Note: for this milestone we specifically ask about the 1080p30 real-time task. For your overall project work, you should make sure you have a parameterized model that will also be useful for your optimization of the benchmark videos on the Zynq, and you should make sure you can answer similar questions for yourself relevant to the Zynq XC7Z020 acceleration task. Similarly, in part (e) we ask that you expand your detail model to 3 components. To fully achieve the 1080p30 real-time task, you will likely need to accelerate additional components, and you should plan on refining your model further as you address them.

## 3. VLIW exercise

fdct contains two nearly identical loop nests (first one shown and will be our focus):

```
for (i=0; i<8; i++)
for (j=0; j<8; j++)
{
    s = 0.0;
    for (k=0; k<8; k++)
        s += c[j][k] * block[8*i+k];
        tmp[8*i+j] = s;
}</pre>
```

- (a) Look at the ARM compiled assembly for this loop: how many instructions must be executed per inner (k) loop body?
- (b) Assuming the multiply operation takes 3 cycles and all other instructions one, how many cycles does it require to execute each iteration of the k loop?
- (c) For the VLIW instance shown (Fig. 1) with one multiplier (pipelined with 3 cycles of delay), one ALU, one LD/ST unit, and one branch unit (c, block, and tmp live in 512 word memory).
  - What is the resource bound lower bound cycle count for computing the k loop body?
  - Schedule the DCT k loop body on the VLIW instance shown, accounting for multiplier delay and interconnect limitations; you may software pipeline the loop. (sample schedule matrix shown at end; color code entries by loop instance.)
  - Explain any assumptions you make about context from the outer loops (e.g. values computed outside of the k loop and stored in registers such as storing i in slot 3 of the ALU 2 input bank)
- (d) Assuming the area model shown on the following page, design a customized VLIW that is no more than twice the size of the design above, schedule for the revised design, and report the speedup achievable.
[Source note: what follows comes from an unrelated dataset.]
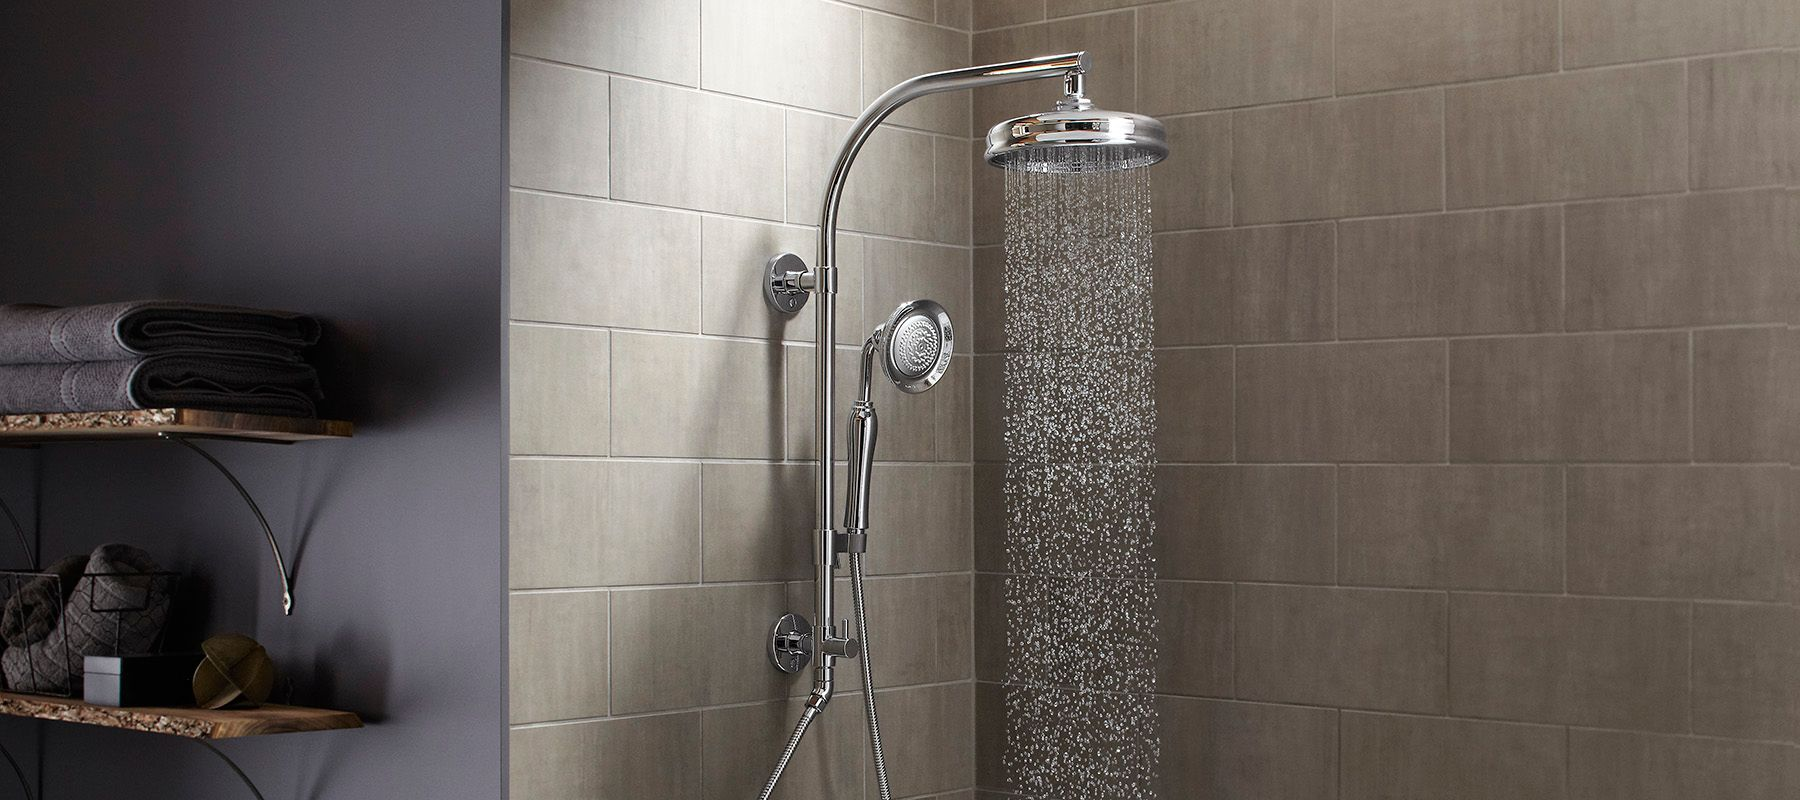 Home Depot Showers

Full solution includes:
  - original area estimate
  - customized design provisioning and area estimate
  - scheduled loop mapping on customized design
- (e) Based on resource bounds alone (you do not need to schedule), what operator distribution would you need to completely unroll the k loop to achieve an II of 1 for the j loop?



Assume:

- Branch unit effects instruction performed on following cycle
- ALU, LD/ST result is written into the selected memory at the end of the cycle (single cycle through RF read, operation, crossbar, to write of RF)
- Left (1) input to LD/ST is value (for a write); right (2) input is address
- Muliplier operation issued in cycle i uses the crossbar output on and writes into register file at end of cycle i + 2. Order of inputs to multiplication does not matter.
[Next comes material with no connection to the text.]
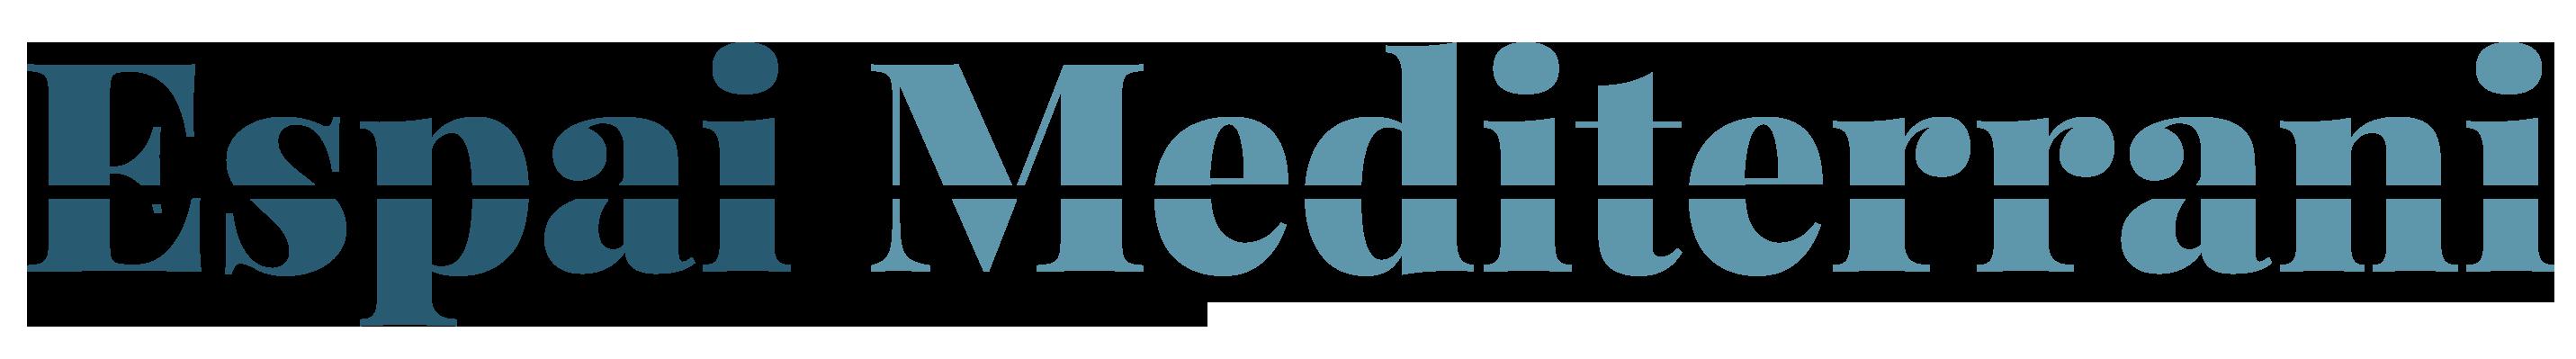 espai-mediterrani-logo

## Figure 1: Base VLIW Design

## Area Model:

- Single Port Memory:  $1 \times$  words
- Multiport Memory:  $(1+ports) \times words$
- Crossbar: 4×inputs×outputs
- ALU: 10
- Multiplier: 100
- LD/ST: 50
- Branch Unit: limit of 1, leave out of area model

|       | Operators |          |       | Crossbar Outputs |    |       |       |       |       |      |      |
|-------|-----------|----------|-------|------------------|----|-------|-------|-------|-------|------|------|
| Cycle | ALU       | Multiply | LD/ST | Branch           | Br | ALU 1 | ALU 2 | Mpy 1 | Mpy 2 | LD 1 | LD 2 |
| 0     |           |          |       |                  |    |       |       |       |       |      |      |
| 1     |           |          |       |                  |    |       |       |       |       |      |      |
| 2     |           |          |       |                  |    |       |       |       |       |      |      |

For Operators, indicate the operation and the input slots. For Crossbar Outputs, indicate the Operator the output comes from and the cycle in which it was produced<sup>1</sup> as well as the slot in the memory to which the result will be stored.

<sup>&</sup>lt;sup>1</sup>This must always be the same cycle for ALU and LD/ST and -2 from the current cycle for multiplier, so this information is redundant, but it should make is easier to check the intent of the instructions.